Flamenco (Andalusia, Extremadura and Murcia)

¡Flamenco! Flamenco is an artistic expression fusing song, dance and musicianship. Although Andalusia is the heartland of Flamenco, it also has roots in the regions of Murcia and Extremadura. 
  • The Badasom Festival in Badajoz (Extremadura) from 10 to 13 July, with flamenco as well as Portuguese fado.
  • Festival Internacional del Cante de las Minas in La Unión (Murcia), the first week of August, .
  • And November 16th is the Day of Flamenco in Andalusia.

Irrigators' Tribunals of the Spanish Mediterranean

Traditional tribunals dealing with local irrigation matters. The Council of Wise Men of the Plain of Murcia, dates back to the 9th century, while the Water Tribunal of the Plain of Valencia is the oldest institution of justice in Europe. Their oral proceedings are fast, transparent and impartial. Their decision is final. In addition to their legal roles, these courts contribute to the oral transmission of knowledge derived from centuries-old cultural exchanges. They have their own specialist vocabulary peppered with Arabic borrowings. In short, the courts are long-standing repositories of local and regional identity and are of special significance to local inhabitants -- and they are something to see.

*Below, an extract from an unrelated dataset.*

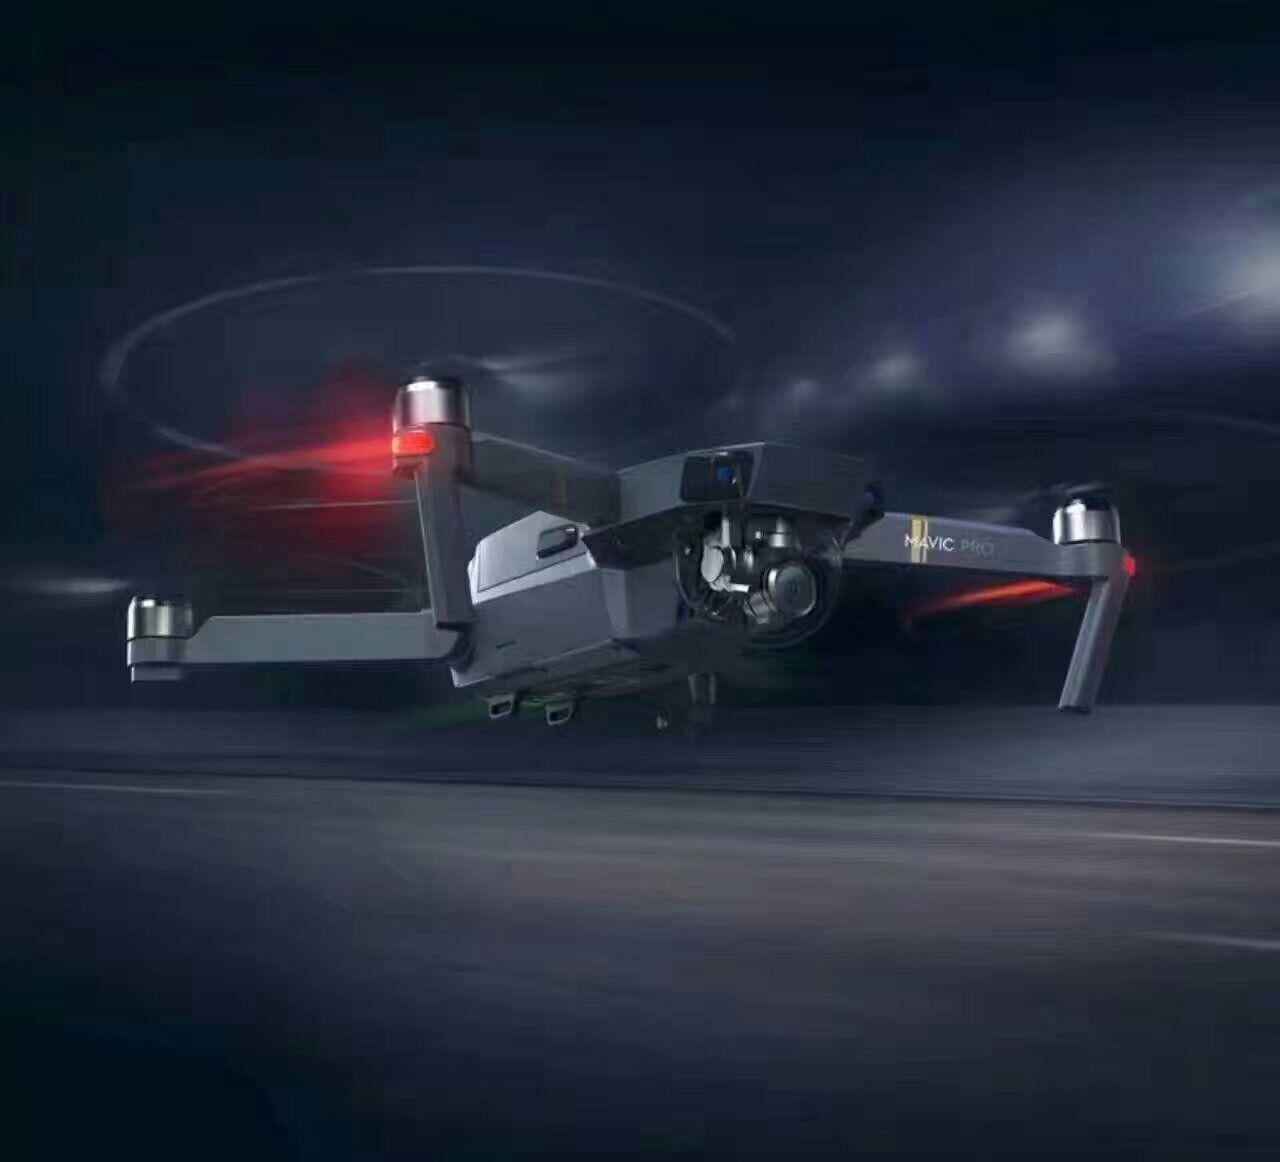 嘉峪关兰州无人机驾驶证培训-启远智能科技提供口碑好的甘肃大疆无人机

La Patum - Berga, Catalonia

During the holy week of Corpus Christi, townspeople dress as mystical and symbolical figures and dance through the streets to the beat of a kettledrum called a tabal. Among the things to be seen are turcs i cavallets (Turks and knights), maces (hell), guites (mules), àligas (eagles) vells nans i nans nous (old dwarfs and new dwarfs), gegants (paper mache  giants) and plens (with burning fuets on). This event has origins in pre-Christian summer solstice celebrations of the, which were adapted by the Catholic Church. Today it is not religious, but rather more a bit of popular street theater. 

Mare de Deu de la Salut - Algemesi, Valencia

The Festival of Our Lady of Health dates back to the 13th century and involves theatre, dance, music and street processions. Three processions are held, one on 7 September and two on the 8th. They include Muixeranga, which are human towers similar to the Castellers but which include the performance of a dance. There are seven dance events, 63 musical compositions, street depictions of historical and biblical characters, scenes of martyrdoms, living tableaus, etc.

Mediterranean Diet - Spain

The main ingredients of the Mediterranean diet include olive oil, cereals, fruits, vegetables, a moderate amount of meat, fish and dairy products, seasoning and spices, accompanied by wine or infusions.  UNESCO mentions Soria, in Castile-León, as a prime example of a city that is committed to the Mediterranean diet, but this glorious food can be enjoyed all over Spain.

Misteri d'Elx - Elche, Valencia

A two-part liturgical drama dating from the Middle Ages commemorating the Dormition, Assumption and Heavenly Coronation of the Virgin Mary. It is sung in Valencian and Latin and performed in the Basilica de Santa María. Dress rehearsals can be seen on some days before the events, with part one performed on August 14th and part two on the Feast of the Assumption, August 15th.

Whistled Language of La Gomera - La Gomera Island, Canary Islands

The Silbo Gomero replicates the islanders’ vocal language (Castilian Spanish) with whistling. Handed down over centuries from master to pupil, it is the only whistled language in the world that is fully developed and practised by a large community -- more than 22,000 inhabitants. The whistled language replaces each vowel or consonant with a whistling sound: two distinct whistles replace the five Spanish vowels, and there are four whistles for consonants. The whistles can be distinguished according to pitch and whether they are interrupted or continuous. With practice, whistlers can convey any message. The language takes advantage of the peculiar topography of the island, reverberating across its deep ravines and narrow valleys. Messages can be heard up to five miles away.